Retinoblastoma Presenting in a Child with Hypomelanosis of Ito
Tarek El-Sawy*, 1, §, Lingmin He 2, Michael F Chiang 1, †, Kwame Anyane-Yeboa 3, Kimberly D Morel 3, 4, Robert Folberg 5, Brian P Marr 6, David Abramson 6
Identifiers and Pagination:Year: 2011
First Page: 55
Last Page: 58
Publisher ID: TOOPHTJ-5-55
Article History:Received Date: 24/5/2011
Revision Received Date: 3/9/2011
Acceptance Date: 3/9/2011
Electronic publication date: 19/12/2011
Collection year: 2011
open-access license: This is an open access article licensed under the terms of the Creative Commons Attribution Non-Commercial License (http: //creativecommons.org/licenses/by-nc/3.0/) which permits unrestricted, non-commercial use, distribution and reproduction in any medium, provided the work is properly cited.
To describe a case of a child with a known history of pigmentary mosaicism suggestive of Hypomelanosis of Ito presenting with unilateral leukocoria, who was ultimately diagnosed with retinoblastoma.
A report of a 16-month-old girl with pigmentary mosaicism and unilateral retinoblastoma.

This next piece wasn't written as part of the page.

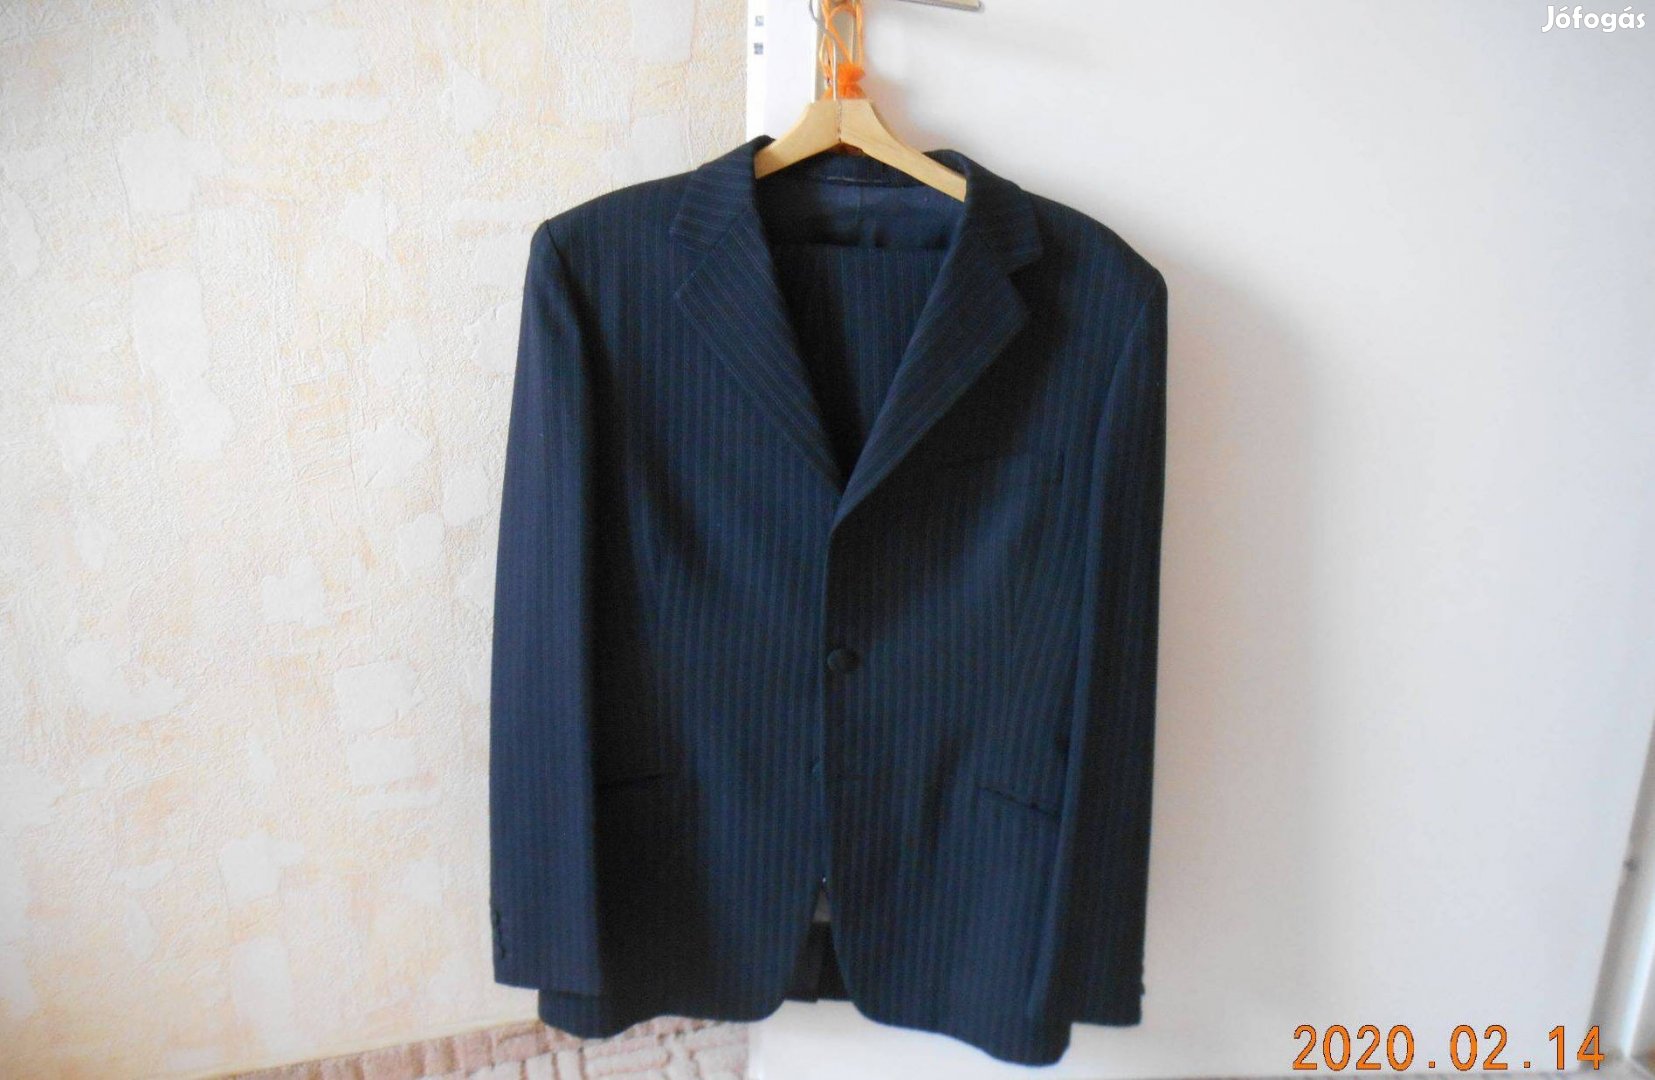 48-50-es méretű fekete gyapjú öltöny
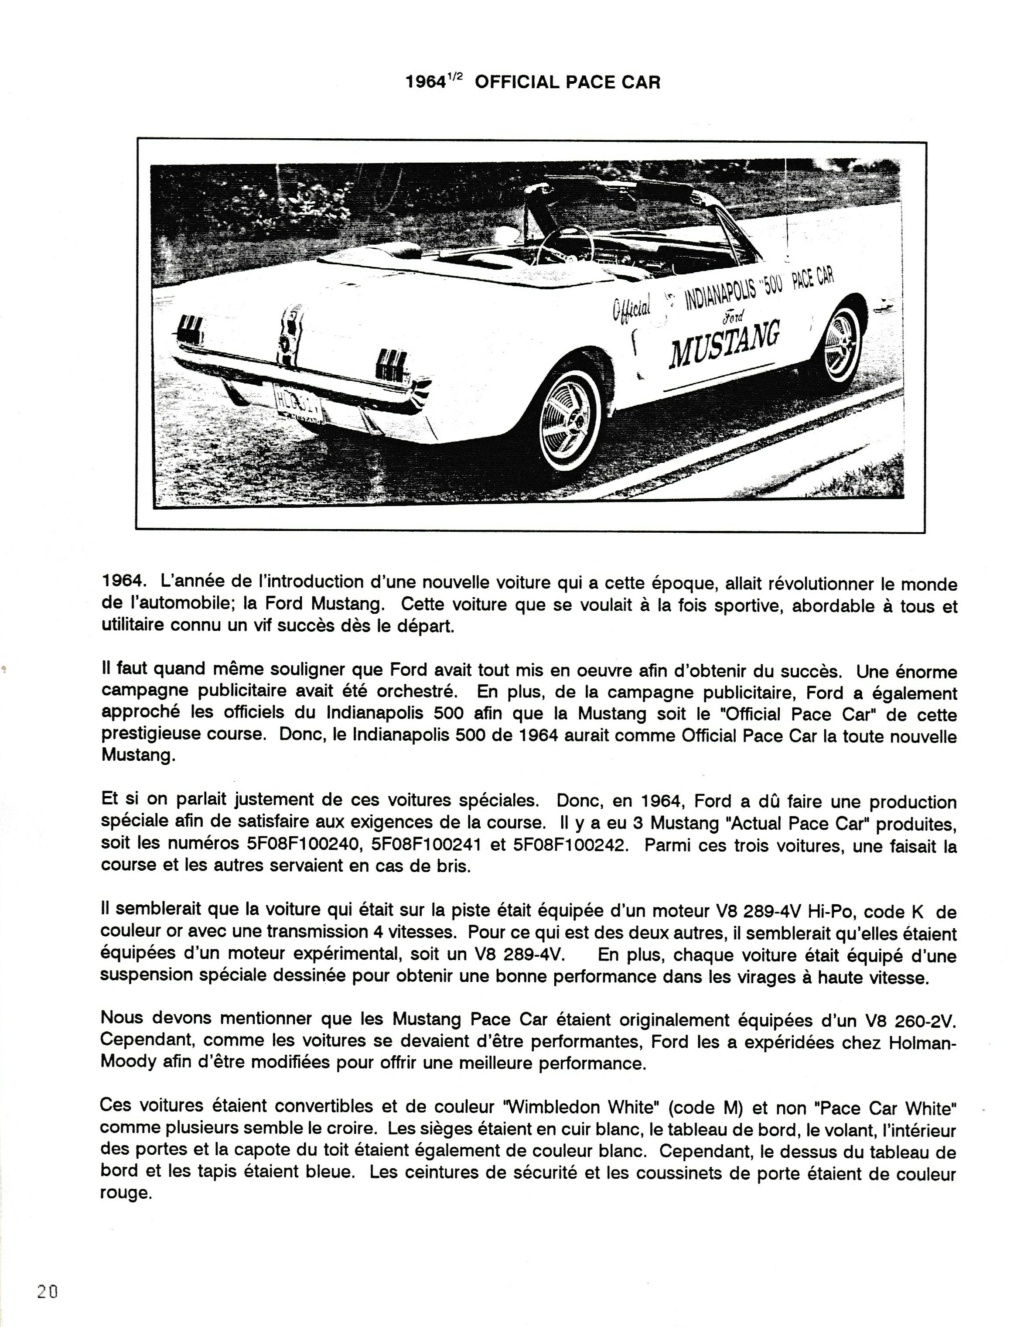 Montréal Mustang dans le temps! 1981 à aujourd'hui (Histoire en photos) - Page 8 Img_2427

A previously healthy 16-month-old girl with a diagnosis of a mosaic hypopigmentation at the age of 6 months based on a linear and whorled pattern of skin hypopigmentation along the lines of Blaschko, presented with unilateral strabismus, leukocoria, retinal detachment, and sub-retinal exudation. Hypomelanosis of Ito and other similar neurocutaneous syndromes are known to be associated with abnormal retinal pigmentation, vascular abnormalities, and retinal detachment. Examination included a fluorescein angiogram, ultrasonography, and an MRI of the brain and orbits that demonstrated features consistent with retinoblastoma.
Given these findings and a flat electroretinogram, the eye was enucleated with final pathologic confirmation of retinoblastoma.
Previously unreported presentation of unilateral retinoblastoma in a child with pigmentary mosaicism.